Information provided:
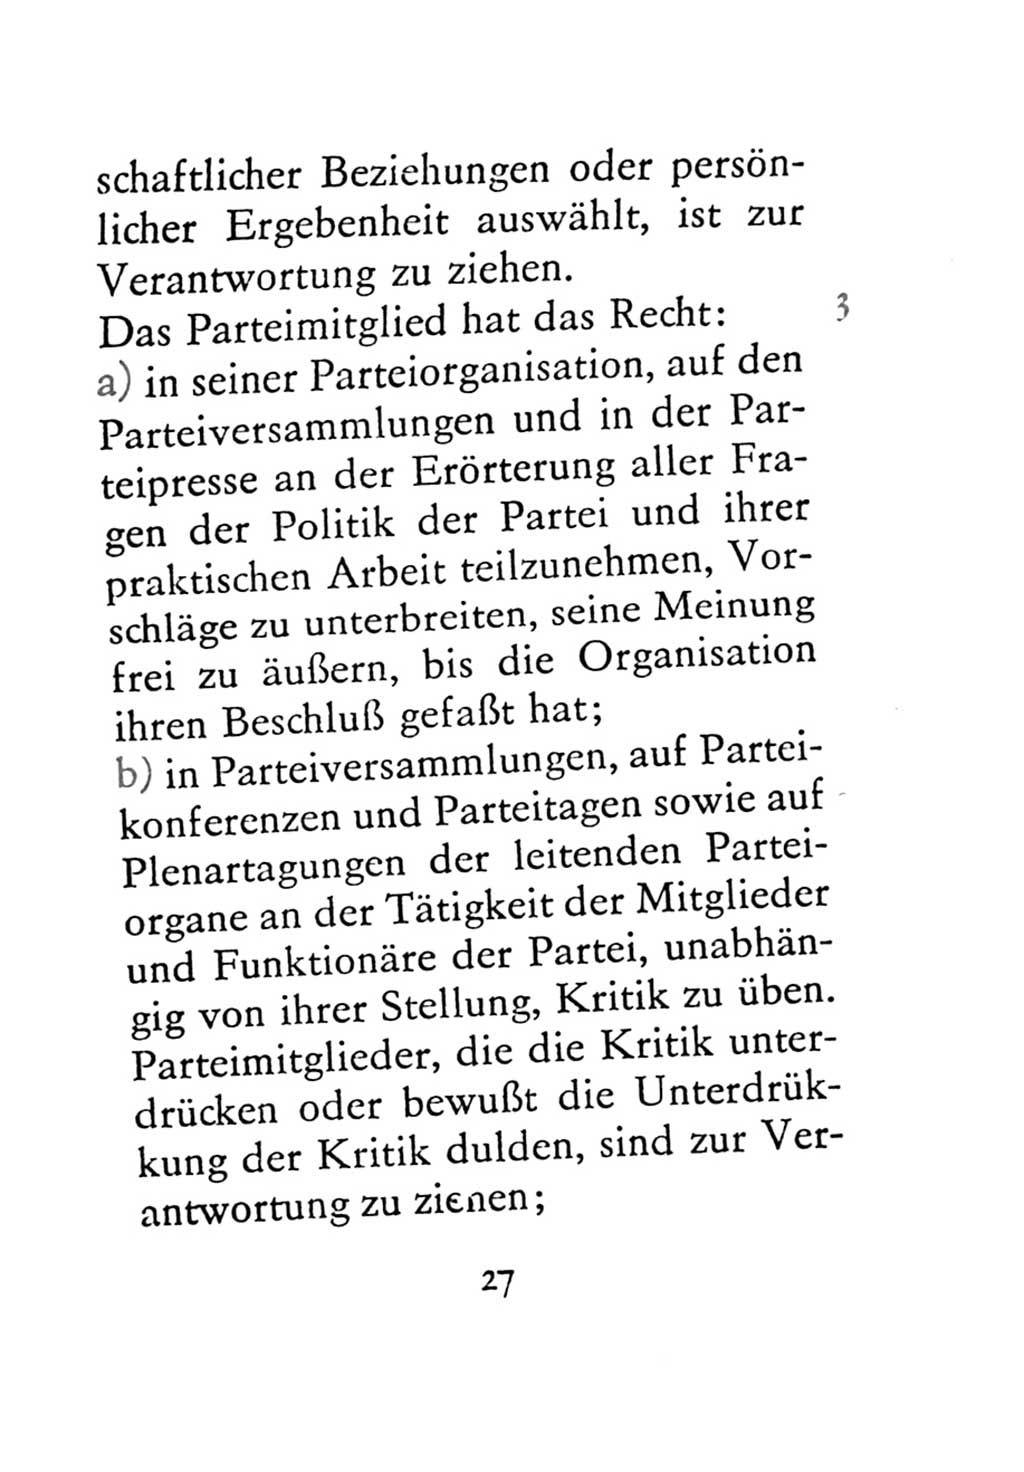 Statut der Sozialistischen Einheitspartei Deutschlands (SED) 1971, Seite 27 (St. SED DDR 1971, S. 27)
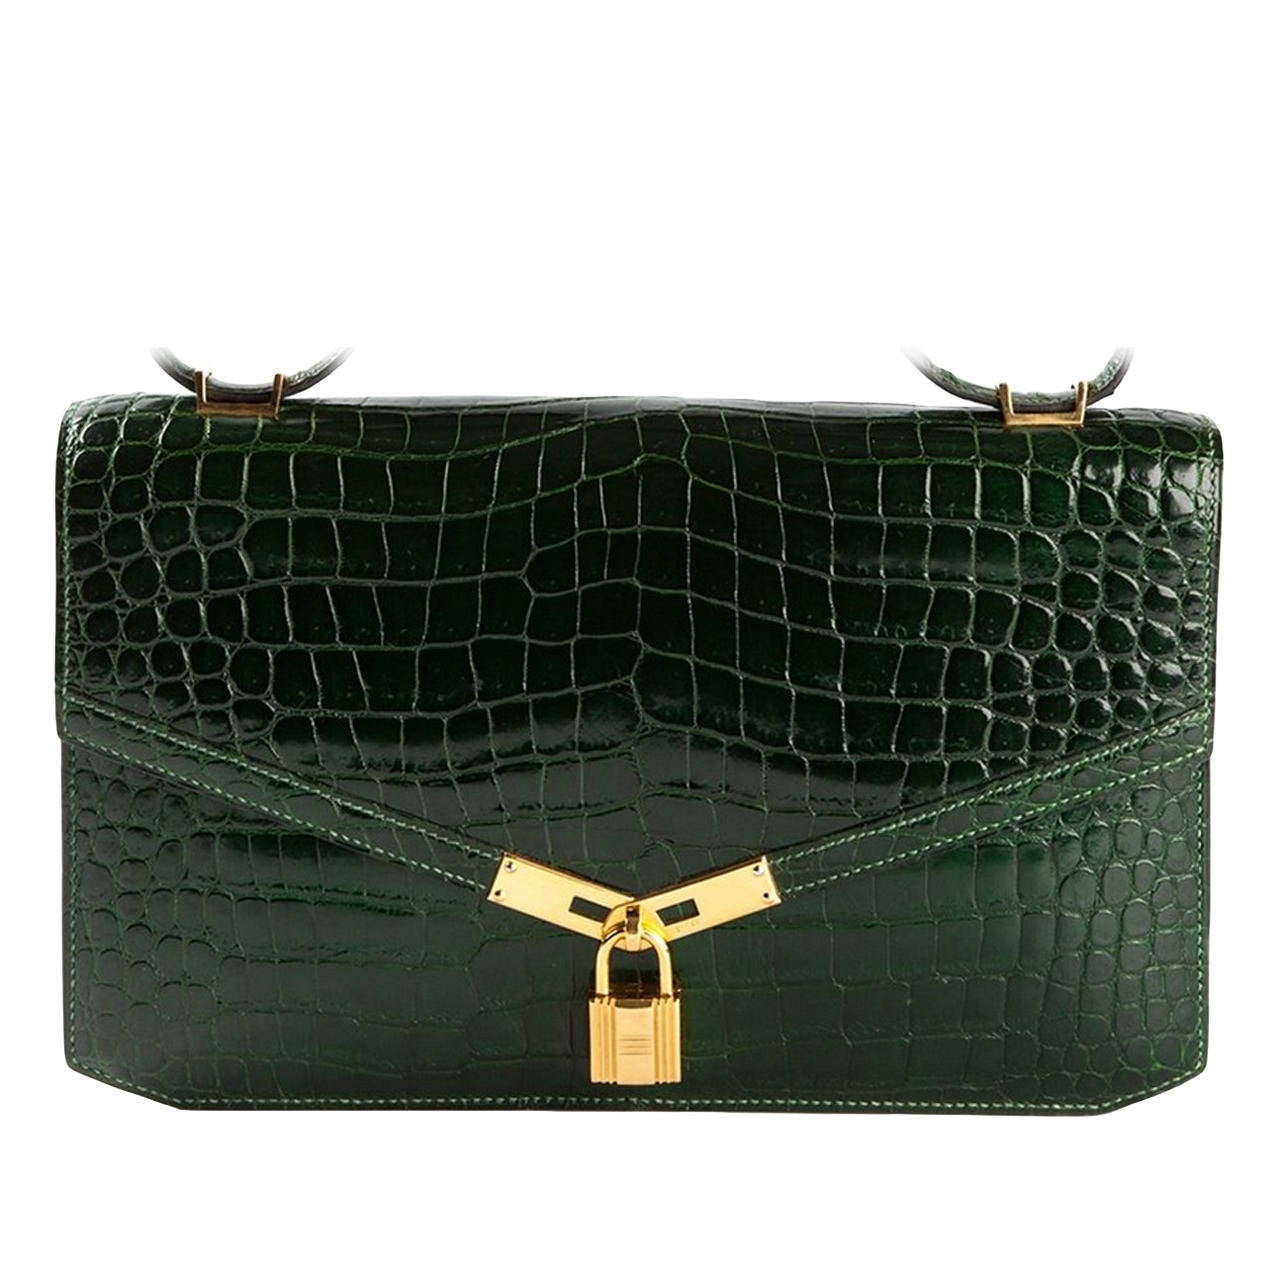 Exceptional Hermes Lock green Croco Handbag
* * *
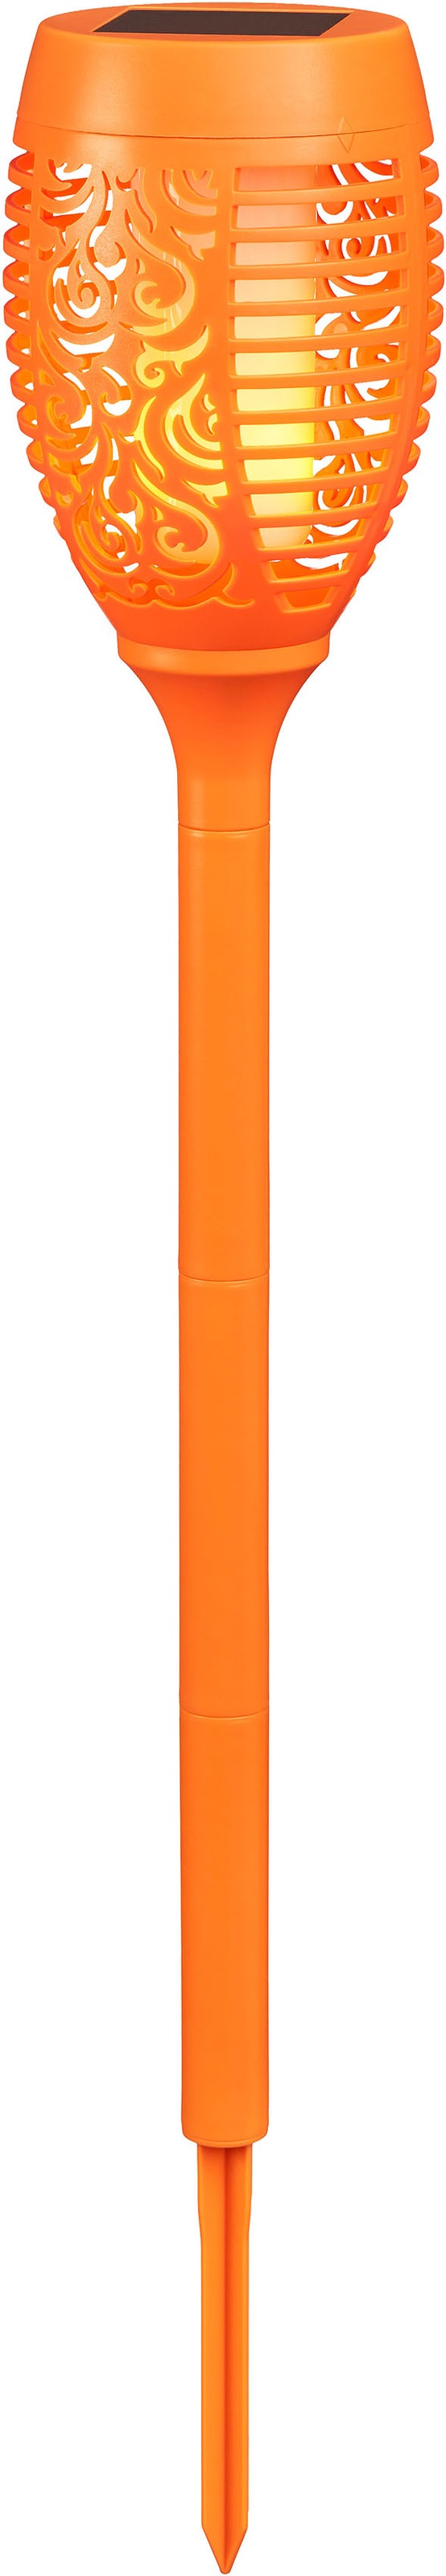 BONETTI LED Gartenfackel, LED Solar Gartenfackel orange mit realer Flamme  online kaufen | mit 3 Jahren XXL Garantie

What you are asked to do:
Reproduce the entries exactly, from the line with "Statut der Sozialistischen" to the line with "Exceptional Hermes Lock green Croco Handbag", both lines included, keeping no pictures.

Response area:
 Statut der Sozialistischen Einheitspartei Deutschlands (SED) 1971, Seite 27 (St. SED DDR 1971, S. 27)
 Exceptional Hermes Lock green Croco Handbag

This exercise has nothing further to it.